I noticed on the website there were images of lenet being able to classify an
image with multiple digits on it. At least by looking at the code, it seems as
though the lenet demo only gives labels of 0-9. Is there a way to modify this
so an image with 2 digits may be classified?
Recognizing multiple characters requires two modifications:
1. you need to train lenet5 so that it can recognize characters even if they
are surrounded by other (possibly touching) characters. You also need to
train it so that it responds "none of the above" when its input window is not
centered on a character. This can be performed by artificially adding
"flanking" characters to every character shown during training and by adding
training samples with off-center characters and training the network to output
2. Once this network is trained, you can simply enlarge its input to cover
the multiple characters. The network will automatically resize its internal
layers and replicate its output layer. You will get one output vector for each
32x32 window on the input, shifted every 4 pixels.
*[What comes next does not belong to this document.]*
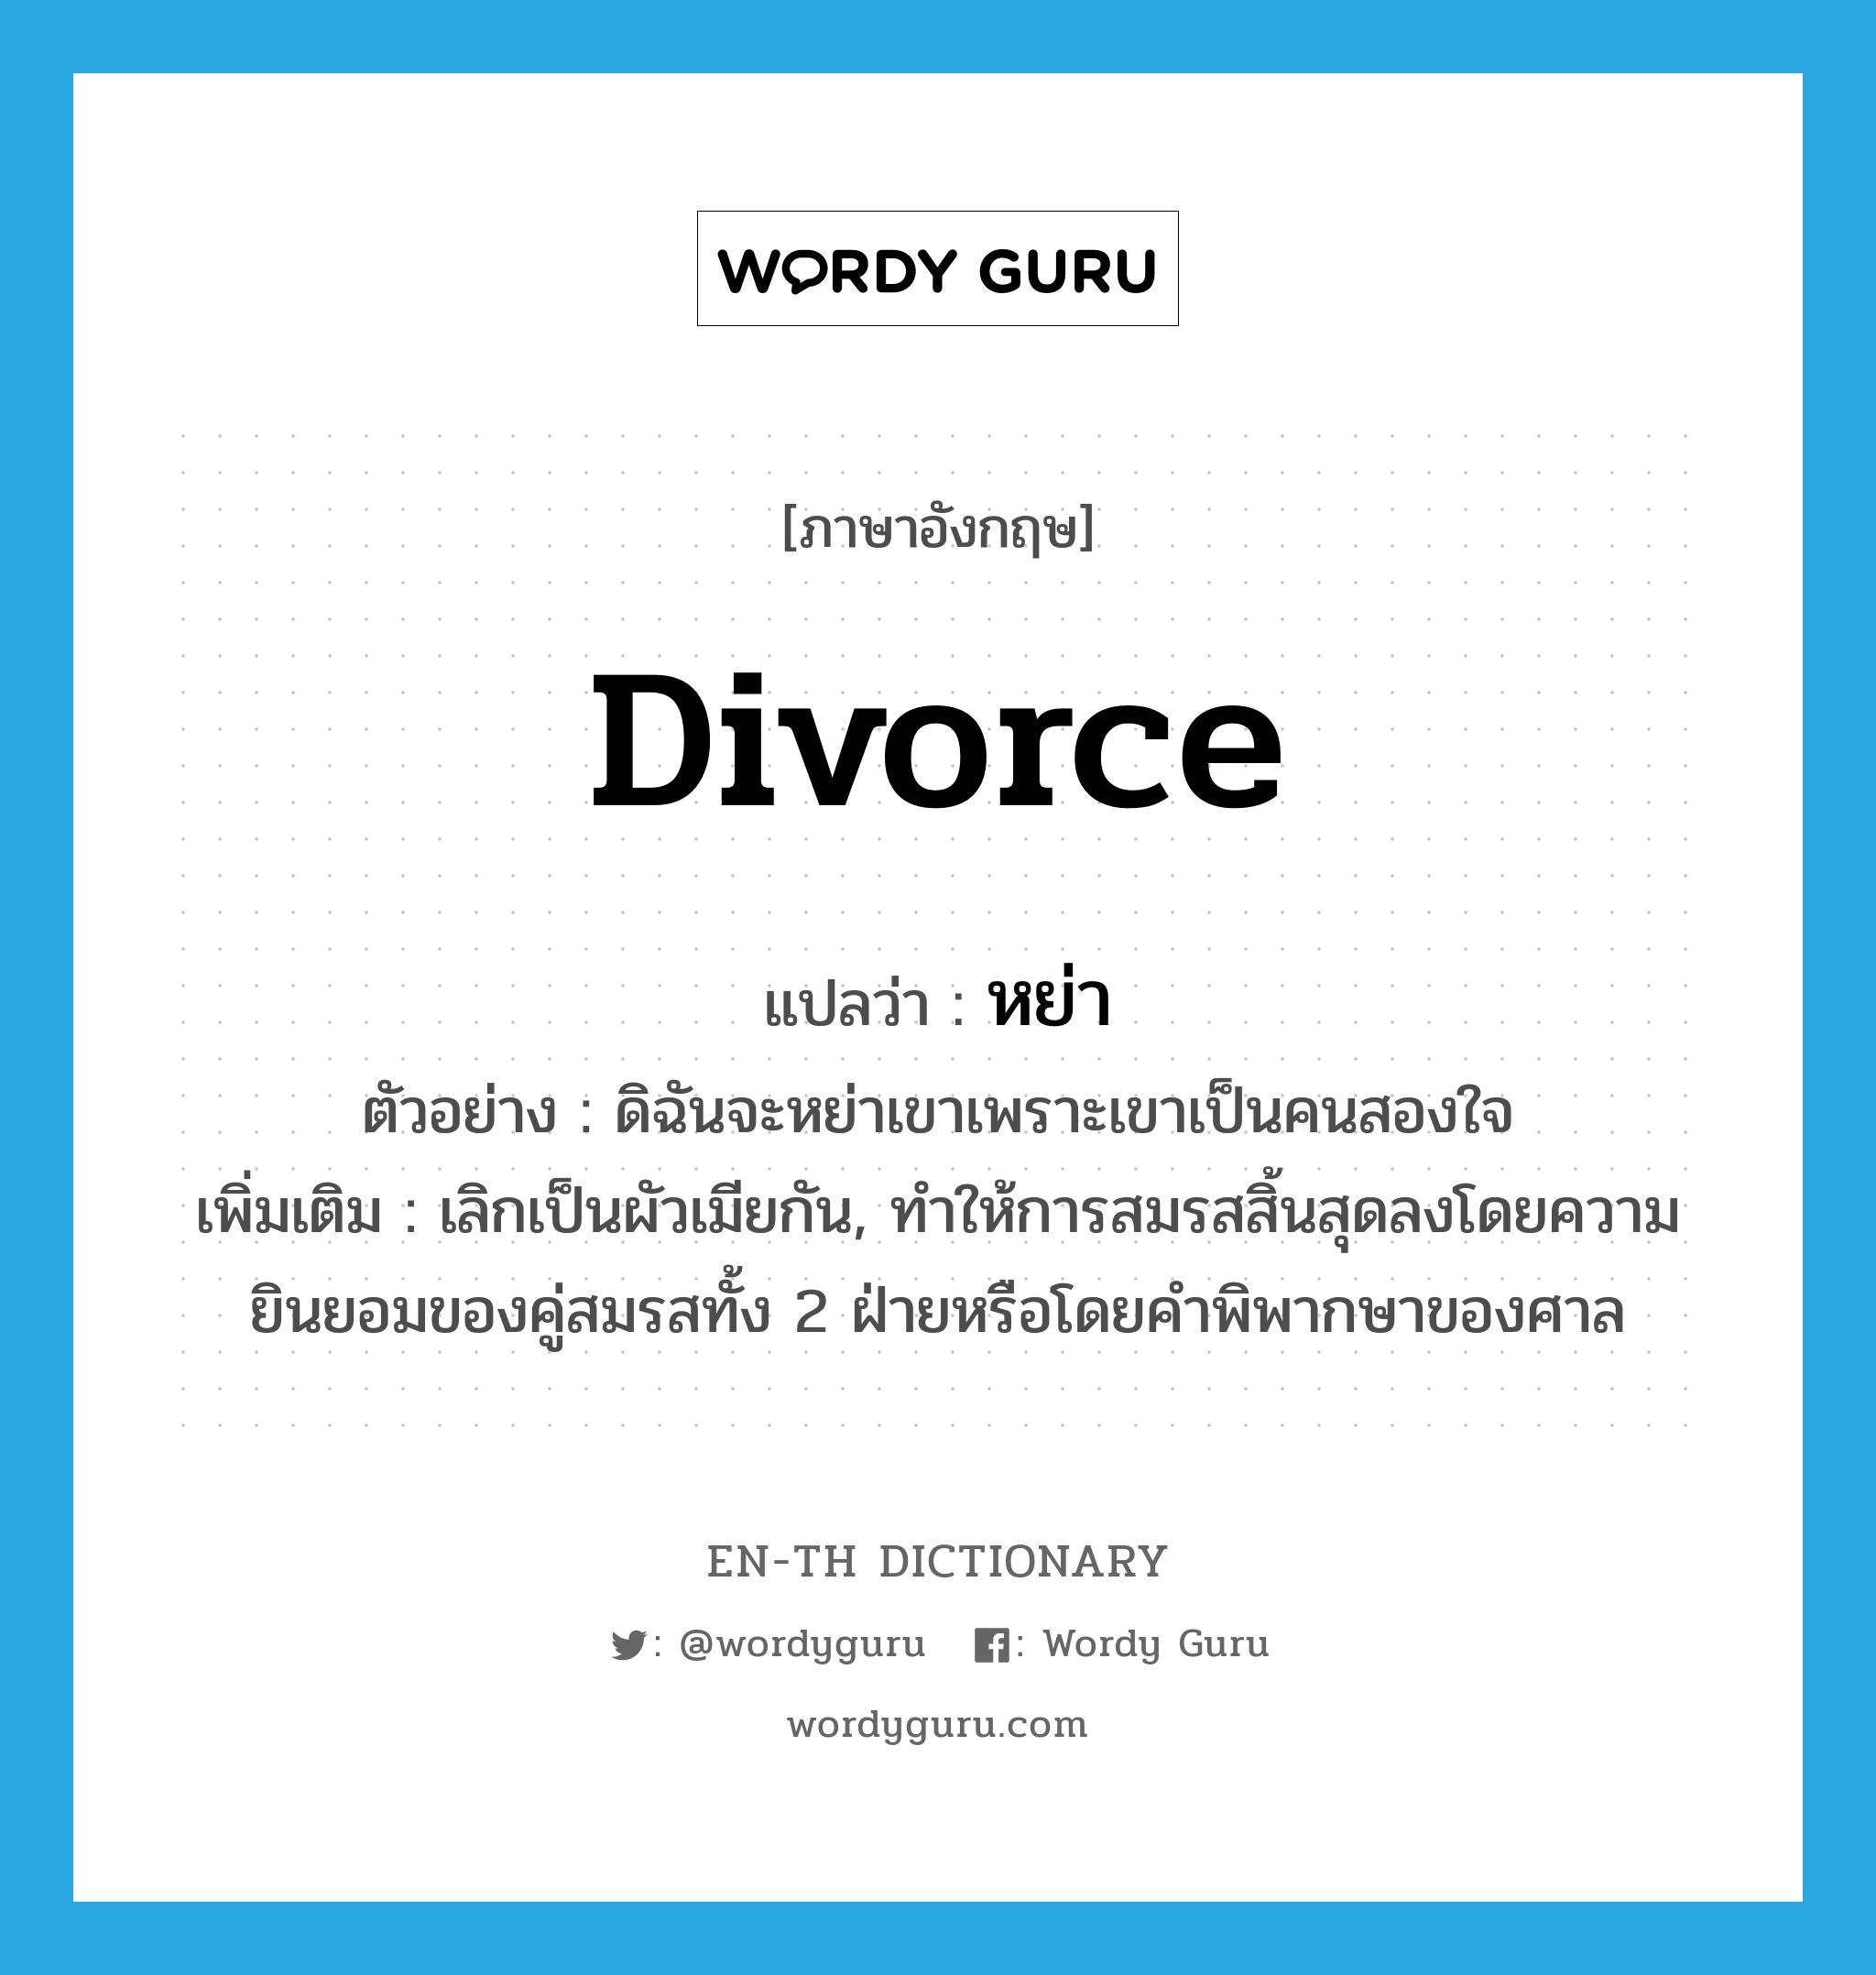 divorce แปลว่า?, คำศัพท์ภาษาอังกฤษ divorce แปลว่า หย่า ประเภท V ตัวอย่าง ดิฉันจะหย่าเขาเพราะเขาเป็นคนสองใจ เพิ่มเติม เลิกเป็นผัวเมียกัน, ทำให้การสมรสสิ้นสุดลงโดยความยินยอมของคู่สมรสทั้ง 2 ฝ่ายหรือโดยคำพิพากษาของศาล หมวด V

Then, you need to write
some code to interpret that sequence of outputs.
The process is explained in our 1998 paper "Gradient-Based learning applied to
document recognition" available at http://yann.lecun.com
profshadoko, is there a way to change the default behaviour of shifting every
4 pixels to, let's say, 2 pixels?
The shifting is determined by the product of the subsampling ratios of the
subsampling layers in the entire network.
LeNet5 has two subsampling layers with a ratio of 2 each, which makes a total
subsmapling ratio of 4 (one output vector every 4 input pixel). The change
that to 2, you may want to changes the subsampling ratio of the second
subsampling layer to 1.
A more efficient way would be to use another architecture instead of net-
cscscf, perhaps net-csccf or net-ccc.
To change shifting, you need to change lenet5 parameters (I used C++ version
of lenet) lenet5<t\_net>(prm, 32, 32, 5, 5, 2, 2, 5, 5, 2, 2, 120, 10); to
-> lenet5<t\_net>(prm, 32, 32, 5, 5, 1, 1, 5, 5, 2, 2, 120, 10); an after
that, shifting will be 2 pixels. But it's not good idea. Recognizing will be
twice slowly )))
This is not necessary to change shifting to 2, lenet have good recognizing
even if shifts is 6 pixels )))) (lenet5<t\_net>(prm, 32, 32, 5, 5, 3, 3,
5, 5, 2, 2, 120, 10);) May be it's not good way on architecture net-cscscf,
bu It's Work! )))))) and don't use CPU source on 100%